Огонь занимался всё сильнее, к щитам уже нельзя было подступиться, и защитники начали потихоньку стягиваться к середине. Брод оказался открытым, татары безбоязненно переходили через реку, всё более и более скапливаясь на внешнем круге. Русские слышали их смех и довольные голоса. Ещё немного времени, щиты распадутся от огня, и жалкая кучка защитников будет сметена ордынцами. Куприян протиснулся к Семёну:

   — Дадь, дядь, не портил я зелья, нет на мне греха. Я только бочонки закатывал.

   — А знал?

Куприян кивнул.

   — Поцто сразу не сказал? — строго спросил Семён.
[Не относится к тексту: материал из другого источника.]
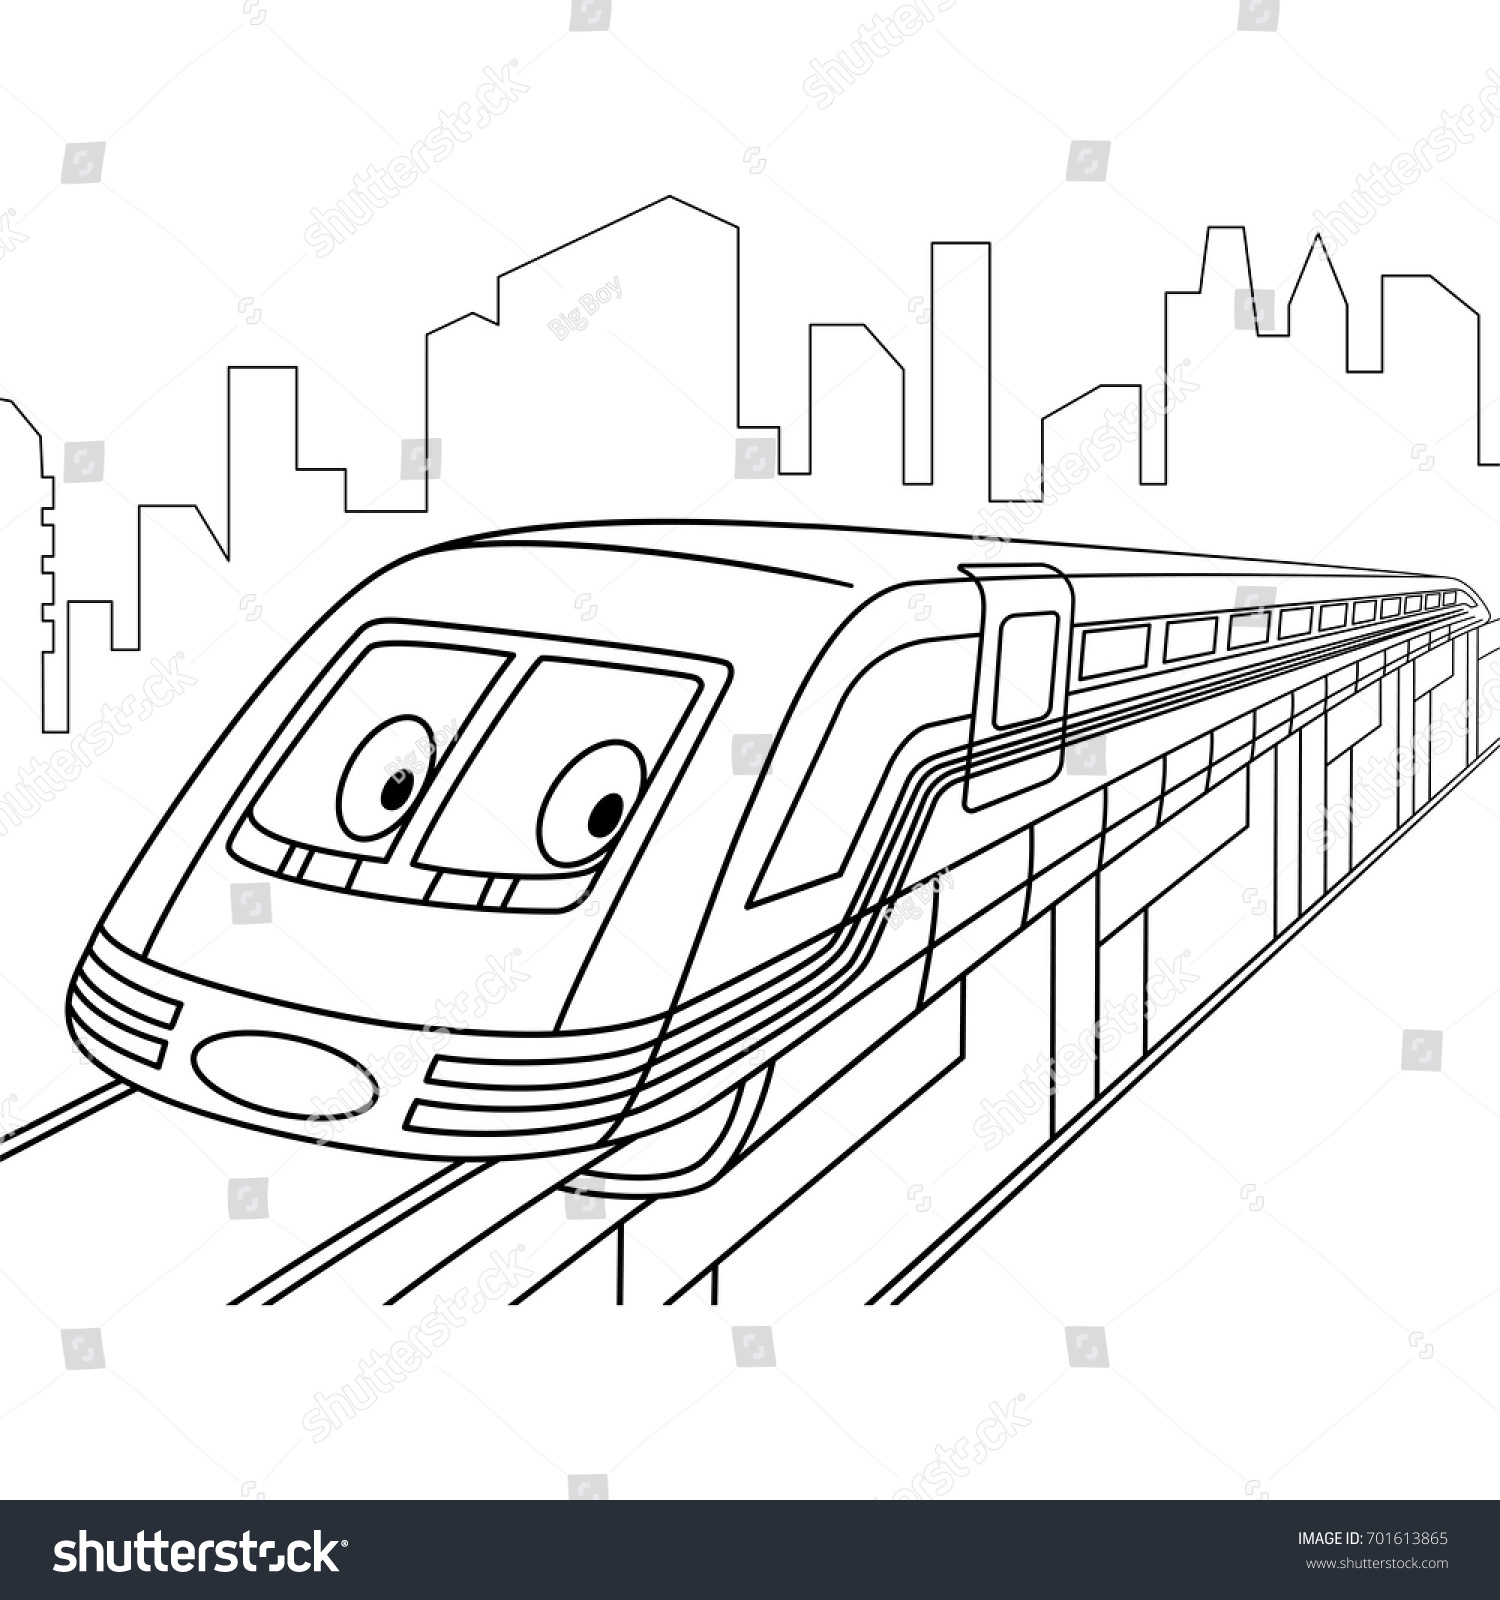 Coloring page high speed electric train åºåçéåïå ççï

   — Князь не велел. Прости Христа ради.

Семён вздохнул:

   — Цево уж. Жил не по-людски, так помри как целовек...

Ратники во главе с Холмским шли галопом, торопить никого не приходилось. Всех призывно звал голос русских пушек, означающий, что застава ещё живёт. Оставалось совсем немного, когда пушки замолкли. Уже был виден чёрный дым, клубящийся над заставой, и вздымающийся к небесам огонь. Ратники тревожно вслушивались, не надеясь уловить шум битвы, но до них неожиданно донеслись согласные звуки. Ближе, ближе, и вот уже стало различаться знакомое:


Земля наша русска

Могуча еси

Князьями храбрыми,

Боярами мудрыми,

Но боле могуча

Честными людьми.


Пение крепло и набирало мощь — живы, живы, родные. И тут оглушительный взрыв потряс округу, всё заволокло густым чёрным дымом. Защитники взорвали себя вместе с радостно ожидавшими их кончины врагами — для этого подошло и плохое зелье. А когда дым рассеялся, Муртаза увидел, что весь левый берег занят русскими ратниками, гневно потрясавшими оружием. Новых попыток переправиться он уже не делал.


В середине октября в Москву прибыли семьи мятежников, которые должны были послужить залогом честных намерений великокняжеских братьев. Заботы об их безопасности взял на себя сам митрополит. Княгинь сопровождали несколько бояр, но они являлись лишь почётными представителями. Всеми путевыми хлопотами и обустройством в осадном городе занимался Прон. Тягот в дороге случалось немало, всегда чего-нибудь не хватало, поневоле приходилось идти к Прону и, чтобы получить более сытный кусок или тёплое место, умерять родовую спесь. Ловкого проныру теперь только за глаза называли Прошкой, а при личном обращении не забывали и про отчество.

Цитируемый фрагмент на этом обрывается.